Grafana dashboard (auto-provisioned from the dashboards dir) tracks
borgbackup job health, time since last run, and per-job systemd state
from the node_exporter systemd collector on the client. New docs page
covers the ns1 -> control topology, secrets flow, and restore commands.
This commit is contained in:
Berwn
2026-06-17 15:13:47 +07:00
parent ed746b58c3
commit 1ea5bda23f
4 changed files with 268 additions and 3 deletions
+1
View File
@@ -4,3 +4,4 @@
- [ZeroTier mesh](./mesh.md) - [ZeroTier mesh](./mesh.md)
- [DNS](./dns.md) - [DNS](./dns.md)
- [Monitoring](./monitoring.md) - [Monitoring](./monitoring.md)
- [Backups](./backups.md)
+61
View File
@@ -0,0 +1,61 @@
# Backups
Encrypted, deduplicating backups via clan's `borgbackup` service, declared in
`clan.nix`. The only critical, non-regenerable state is the **Knot DNSSEC
keystore** on `ns1` (the KSK/ZSK private keys under `/var/lib/knot`); losing it
forces an emergency DS rollover at the registrar.
## Topology
- **control** is the borgbackup **server** — it hosts the repos under
`/var/lib/borgbackup/<client>` (so `ns1`'s repo is `/var/lib/borgbackup/ns1`).
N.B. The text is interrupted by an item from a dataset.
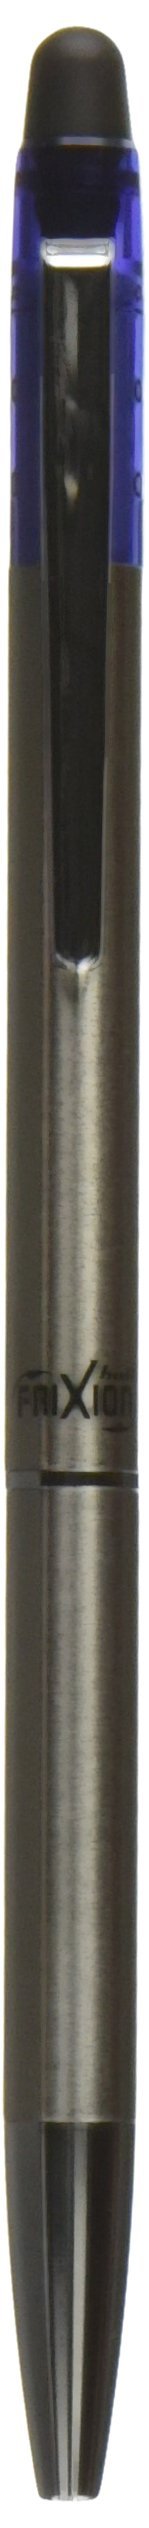 Pilot FRIXION BALL Slim Biz 0.38mm erasable gel ink pen LFBKS-1SUF-L Blue body_1

- **ns1** is the **client**. It backs up everything it declares as clan state
(`clan.core.state.knot.folders = [ "/var/lib/knot" ]`) once a day at 01:00,
over the ZeroTier mesh.
The backup is cross-host so that losing `ns1` is recoverable, and stays
self-contained (no third-party storage). Encryption is `repokey` with a
generated passphrase, so `control` only ever stores ciphertext.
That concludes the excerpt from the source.